*** COLLECTED DATA ***

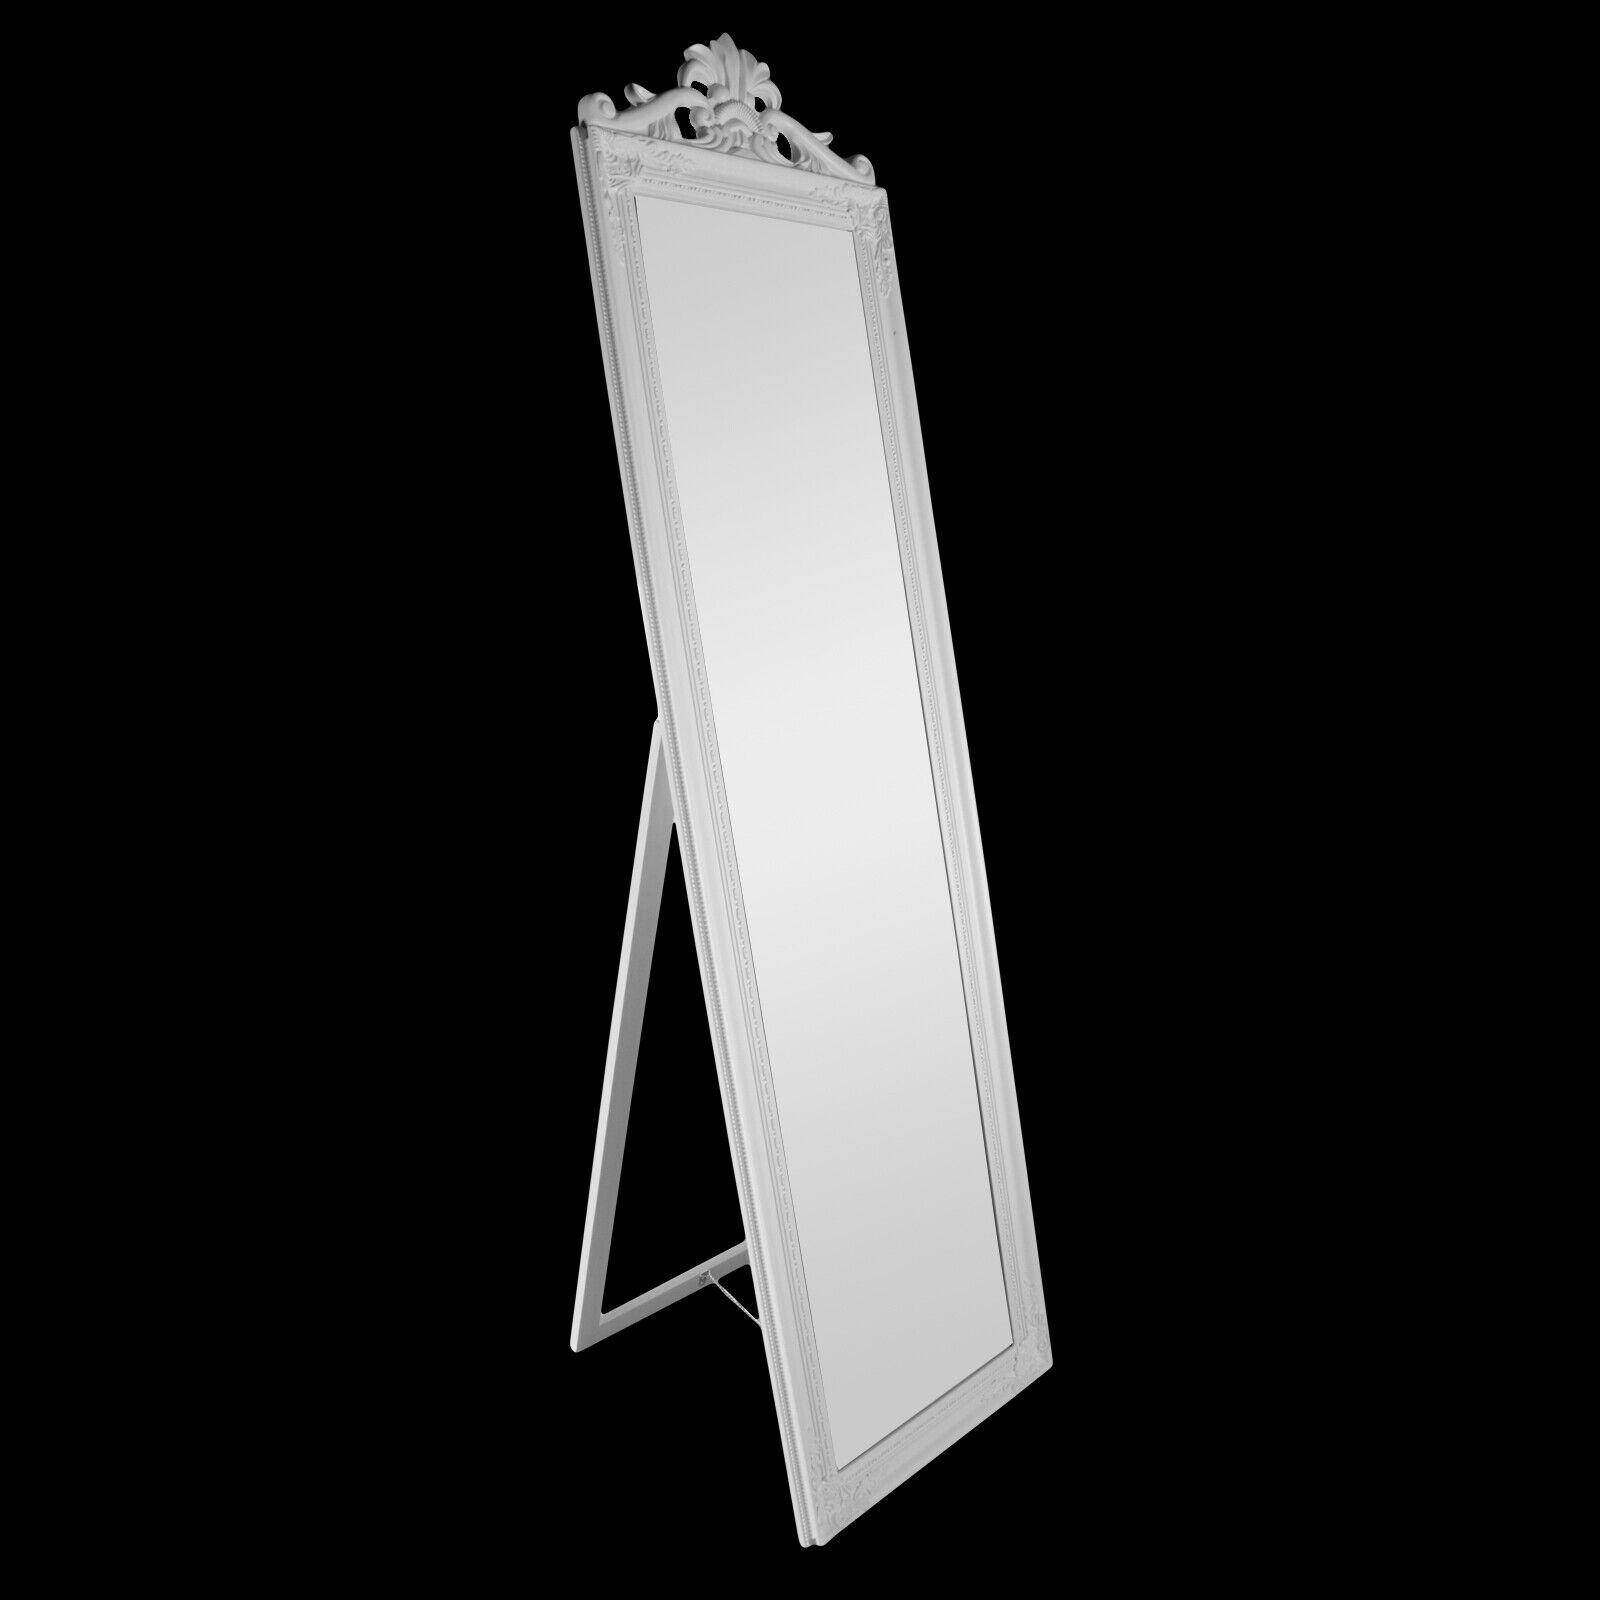 Standspiegel Barock Krone Ankleidespiegel Spiegel Garderobenspiegel 170 x 45 cm
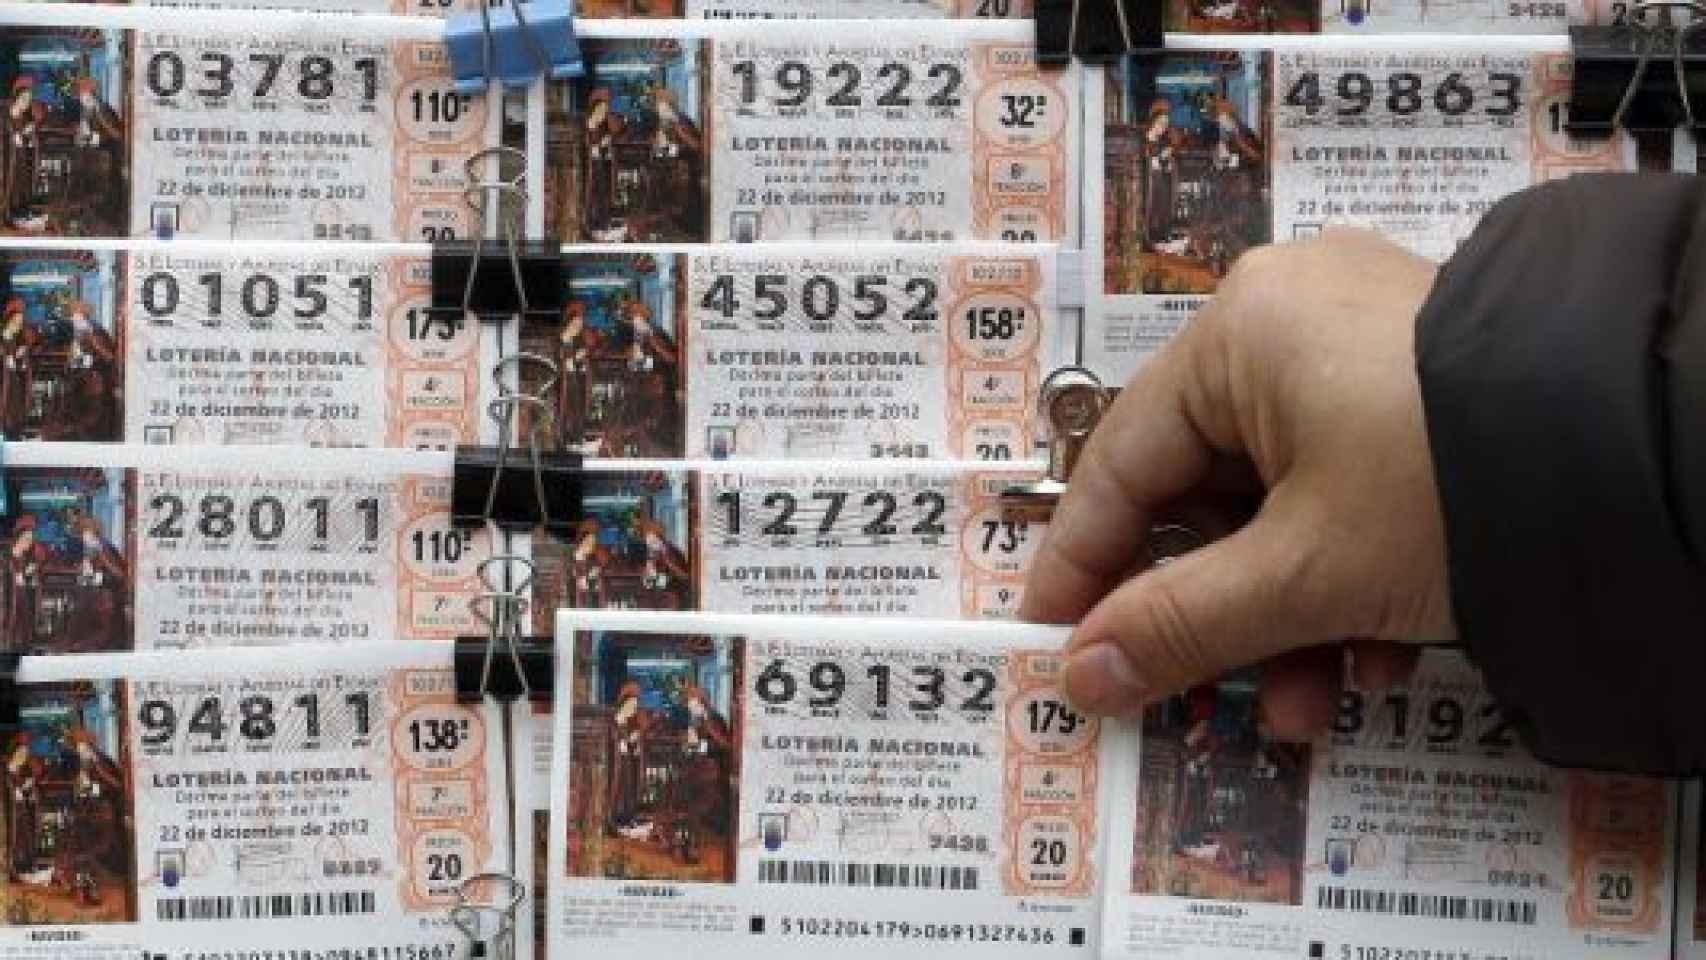 Décimos con distinta numeración para el Sorteo de Navidad de Loterías.
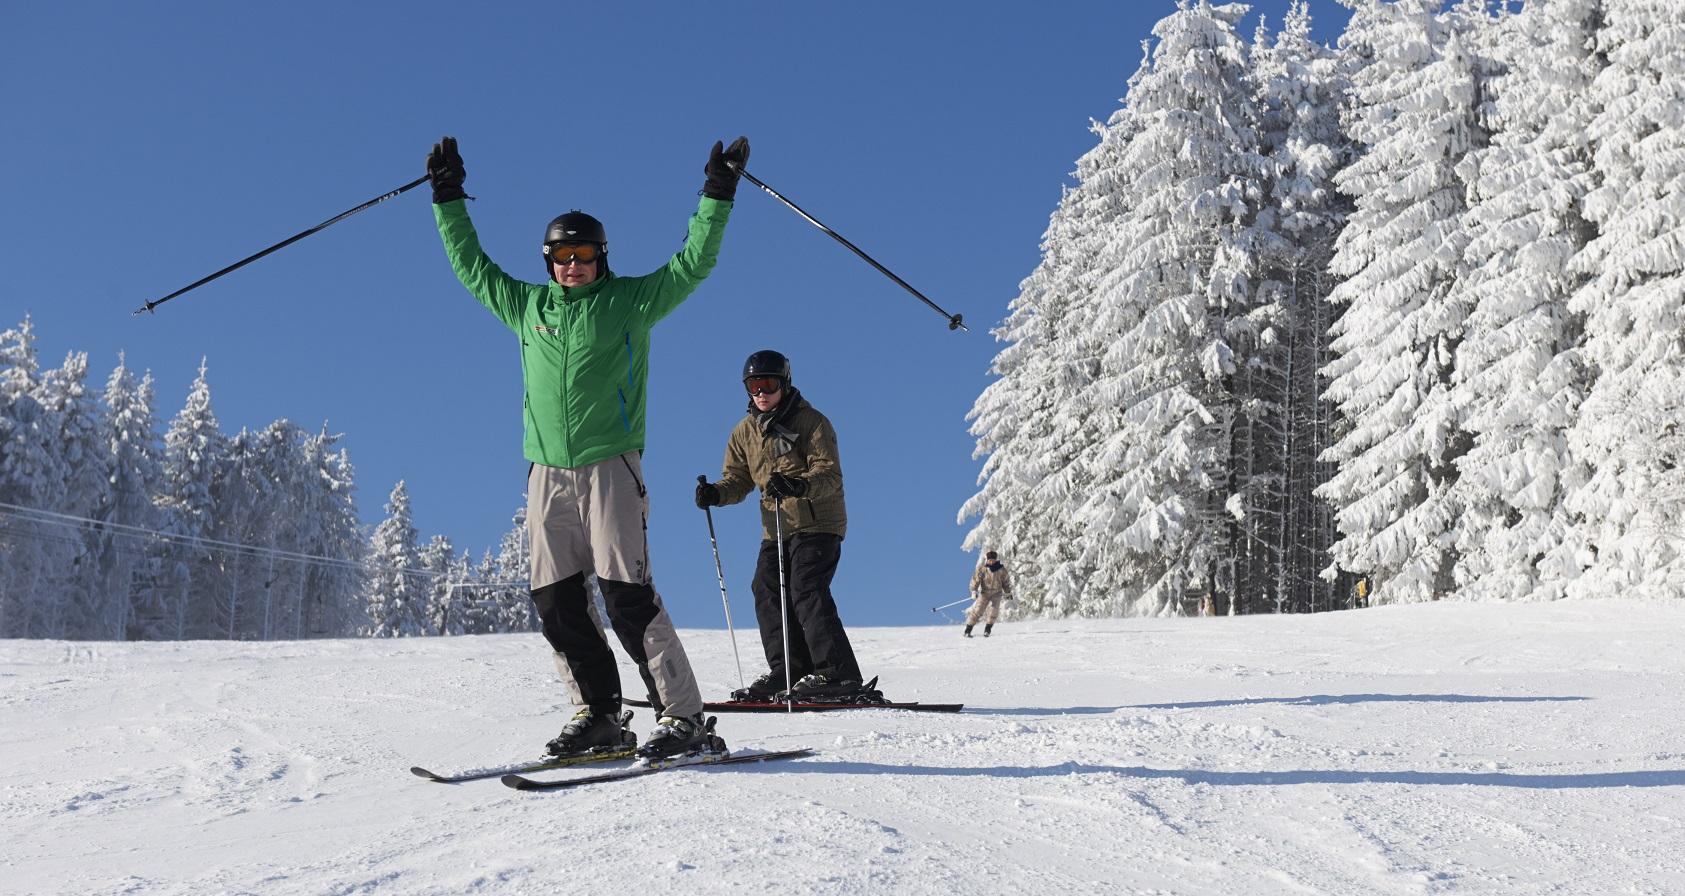 Die häufigsten anfängerfehler beim skifahren u und wie man sie

*** End of COLLECTED DATA ***

Reproduce, word for word, the lines from the one containing "Décimos con distinta" through the final line above. Leave every picture out.

OUTPUT OF THE EXERCISE.
 Décimos con distinta numeración para el Sorteo de Navidad de Loterías.
 Die häufigsten anfängerfehler beim skifahren u und wie man sie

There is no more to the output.